Difficult question. I know that Matlab has some very strong Machine Learning libraries which make it extremely convenient to experiment. As much as I like GNU R and FOSS in this case I would say Matlab has the upper hand.
For one it has a huge userbase which posts code examples and solutions to various problems. Another being that Matlab has nice Machine Learning libraies in my opinion.
I find that programming in R is much nicer. I find that the language is more powerful and supports closures which is something I've always missed in Matlab. Extending R in C is also quite easy.
Its probably worth pointing out though that R is primarily for statistics. It walks all over Matlab in this domain (because most statistics researchers use R). However, for machine learning, signal analysis, system identification and working with ODEs I wouldn't be surprised if Matlab is easier and better supported.

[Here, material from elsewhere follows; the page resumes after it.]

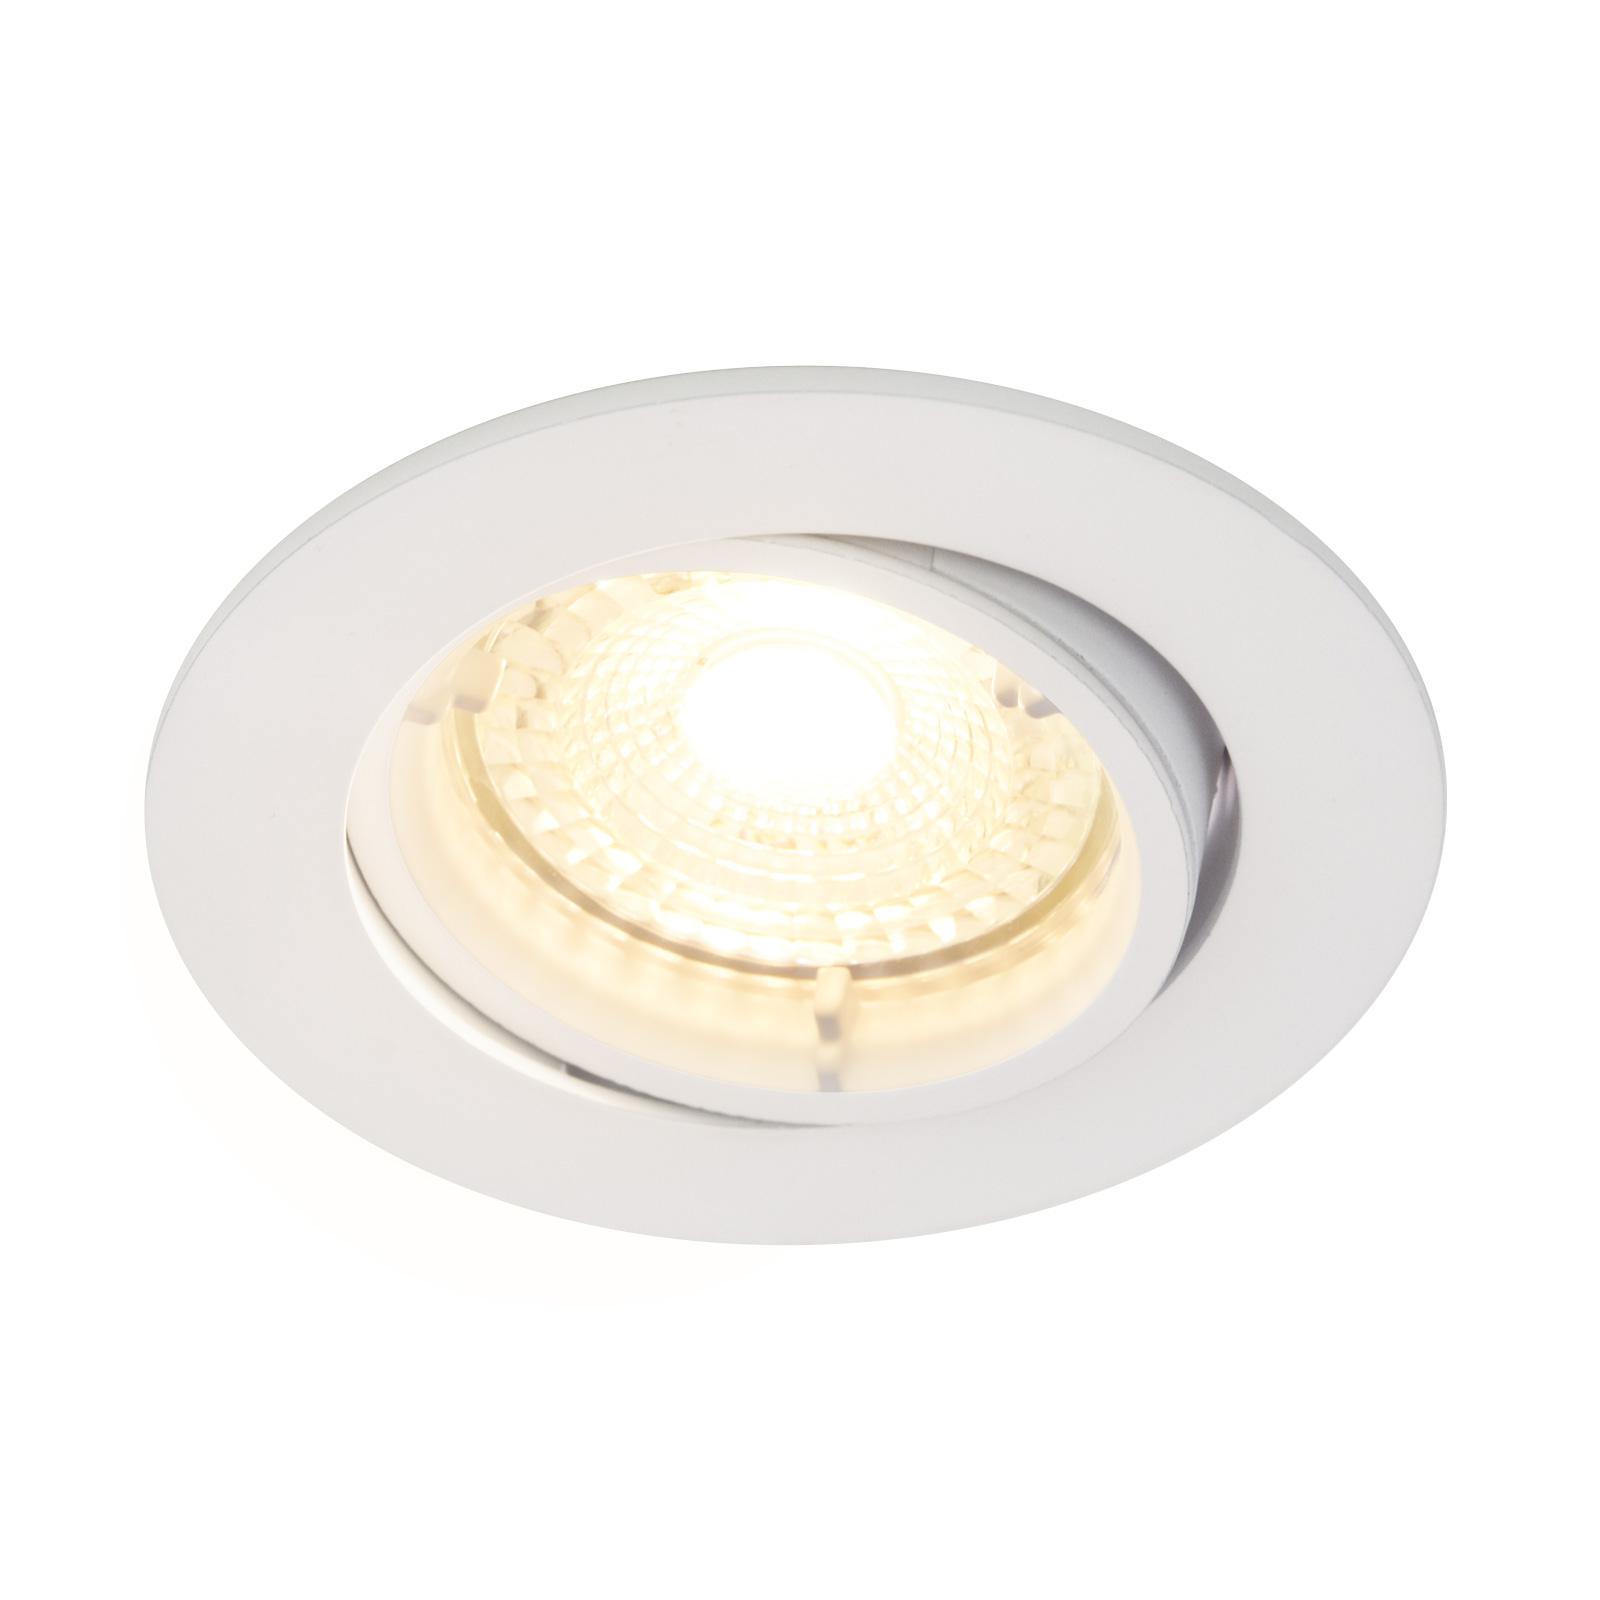 Carina-LED-kohdevalo, 2700K dim tilt, valkoinen

If anyone had machine learning startup ideas that _would_ implement themselves, Eliezer Yudkowsky would probably be interested.
Tangentially, there seem to be a lot of computer vision startups--there's a company called Cortexica with an unreleased iPhone wine label identifier, and Evernote's nonpareil handwriting recognition makes me wish its algorithm were open; open-source alternatives seem to focus only on printed text.
I've only worked with Matlab and it's great for putting together library functions but horrible for writing any functions yourself. Is R any better?